Megalodon became extinct due to starvation

Scientists have suggested that with the beginning of the glacial period small whales that made up the diet of basking sharks, gradually died out, and larger species — for example, the ancestors of modern baleen whales, which benefited from a cold snap that turned out to be the Megalodon teeth.

Megalodon (Carcharocles megalodon) was the largest fish that ever plied the ocean. The age of the oldest found remains of these gigantic sharks is 14 million years, and they became extinct about 2.6 million years ago. The body length of the largest individuals of up to 16 meters, and the strength and breadth of the jaws, according to scientists, would have allowed the Megalodon to eat a car. However, they did not become the largest inhabitants of the seas: modern blue whales grow up to 33 meters, which is twice that of the largest Megalodon.

After having carefully examined the chips and scratches on the bones of marine mammals of the same age as Megalodon, paleontologists from Belgium, Italy and Peru concluded that Paleogene terminator of the seas, ate mostly small whales and other marine mammals. Uneven teeth Megalodon left burrs on the bones Piscobalaena nana is an extinct cetacean, the body length of which does not exceed 5 meters. Traces Megalodon teeth and discovered on the remains Piscophoca pacifica — a small fossil pinnipeds.


The jaw of a Megalodon

The authors of a study published in the journal Palaeogeography, Palaeoclimatology, Palaeoecology, specify that their data is not sufficient to be a comprehensive description of the diet of Megalodon. But if the monsters do eat small sea animals, their food preferences can explain their extinction.
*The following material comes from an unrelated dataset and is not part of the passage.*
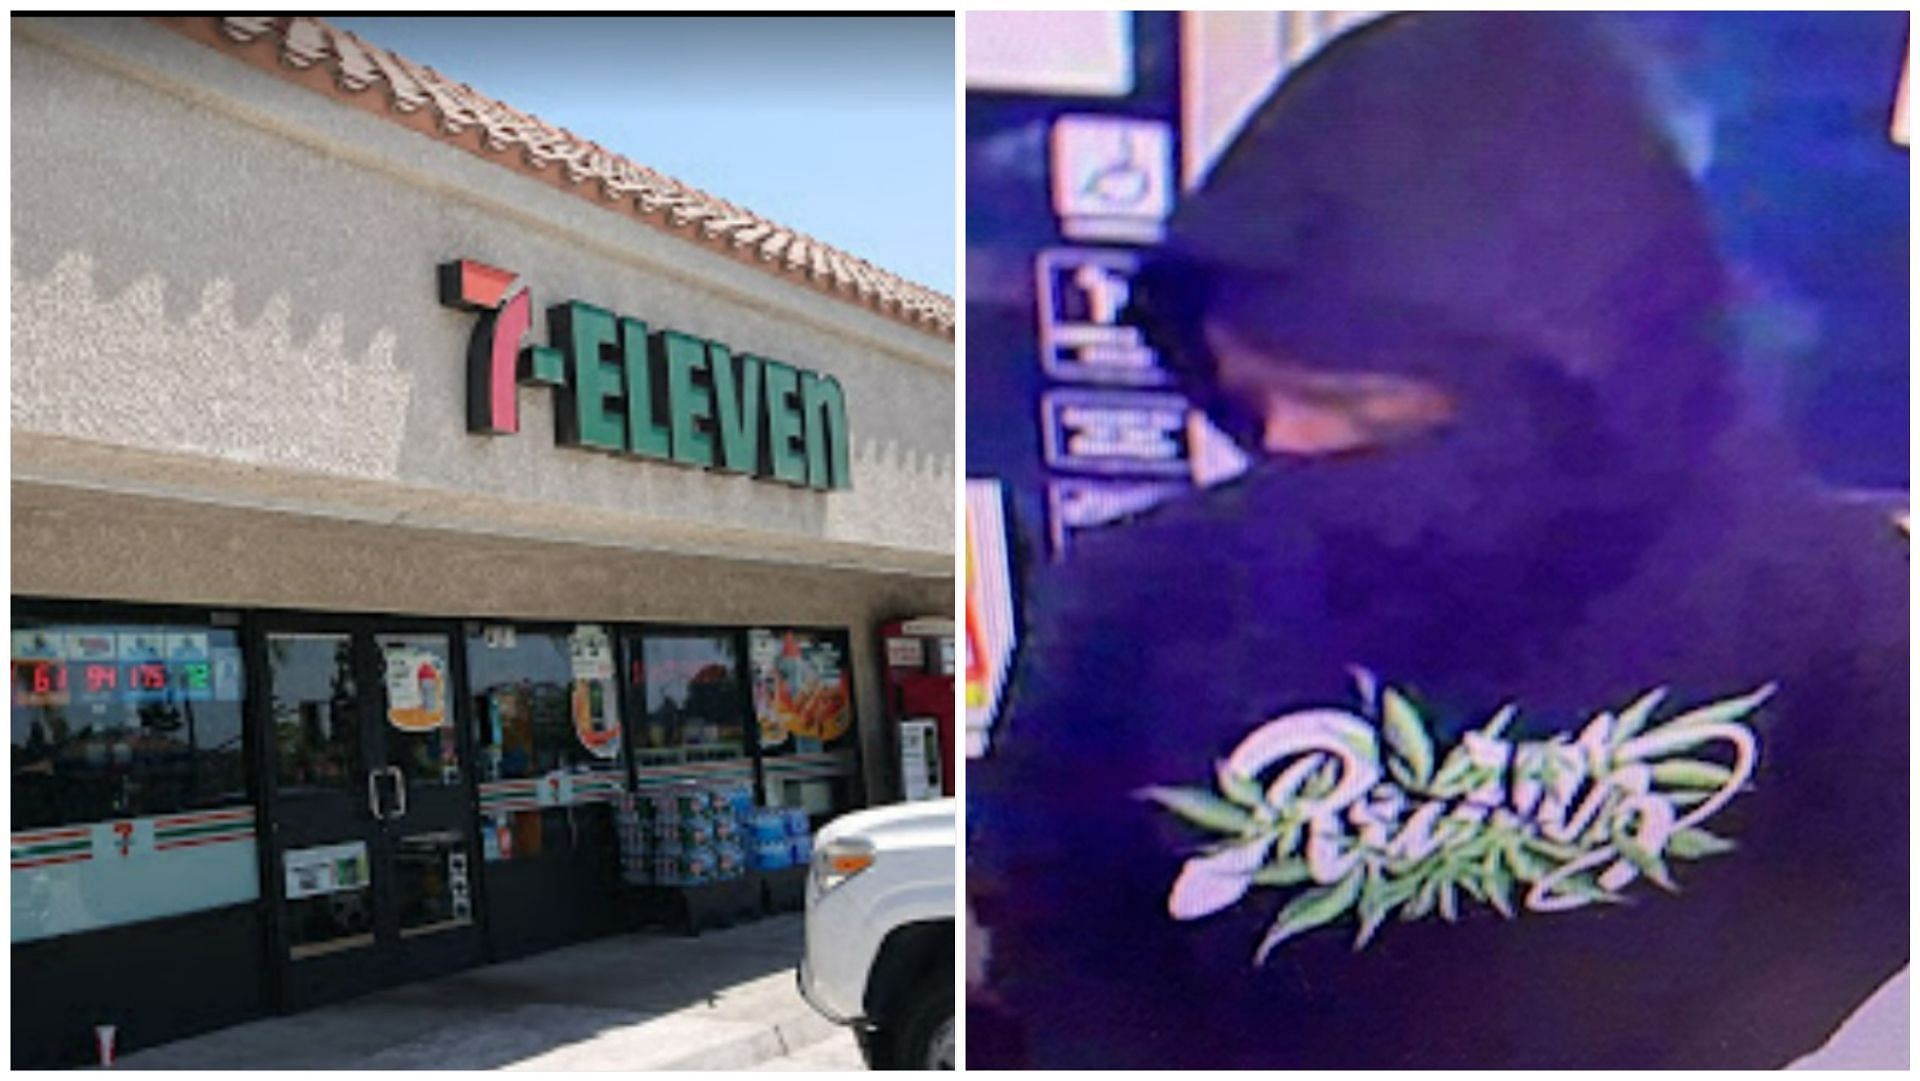 Police say the suspect is a black male responsible for shootings across 7-Eleven stores (Image via Brea PD/Google Maps)

Scientists explain their hypothesis: the approach of the ice age caused the sea to recede — some of the water frozen in the glaciers of the North and South poles. Together with the outlines of the continents has changed and ecosystems of coastal waters, where the gap between global glaciation flourished small whales are a favorite food of the Megalodon. However, these changes hardly touched the great whales, which prefer the open ocean.

Along with falling global temperatures changed way migration of plankton, and again the fate was favorable to large marine mammals — the ancestors of today’s humpback and blue whales, which due to the size and fast metabolism could make long sea crossings in search of food. For the Megalodon, it meant that all the loot had gone far into the open ocean. Cold-blooded, slow-moving sharks do not find food in the usual warm waters, and migrate to cold water could not. Former lords of the ocean could only find carrion and wait for the end, suggest the study authors.

Other studies explain the extinction of the Megalodon competition with carcharodon — modern white sharks.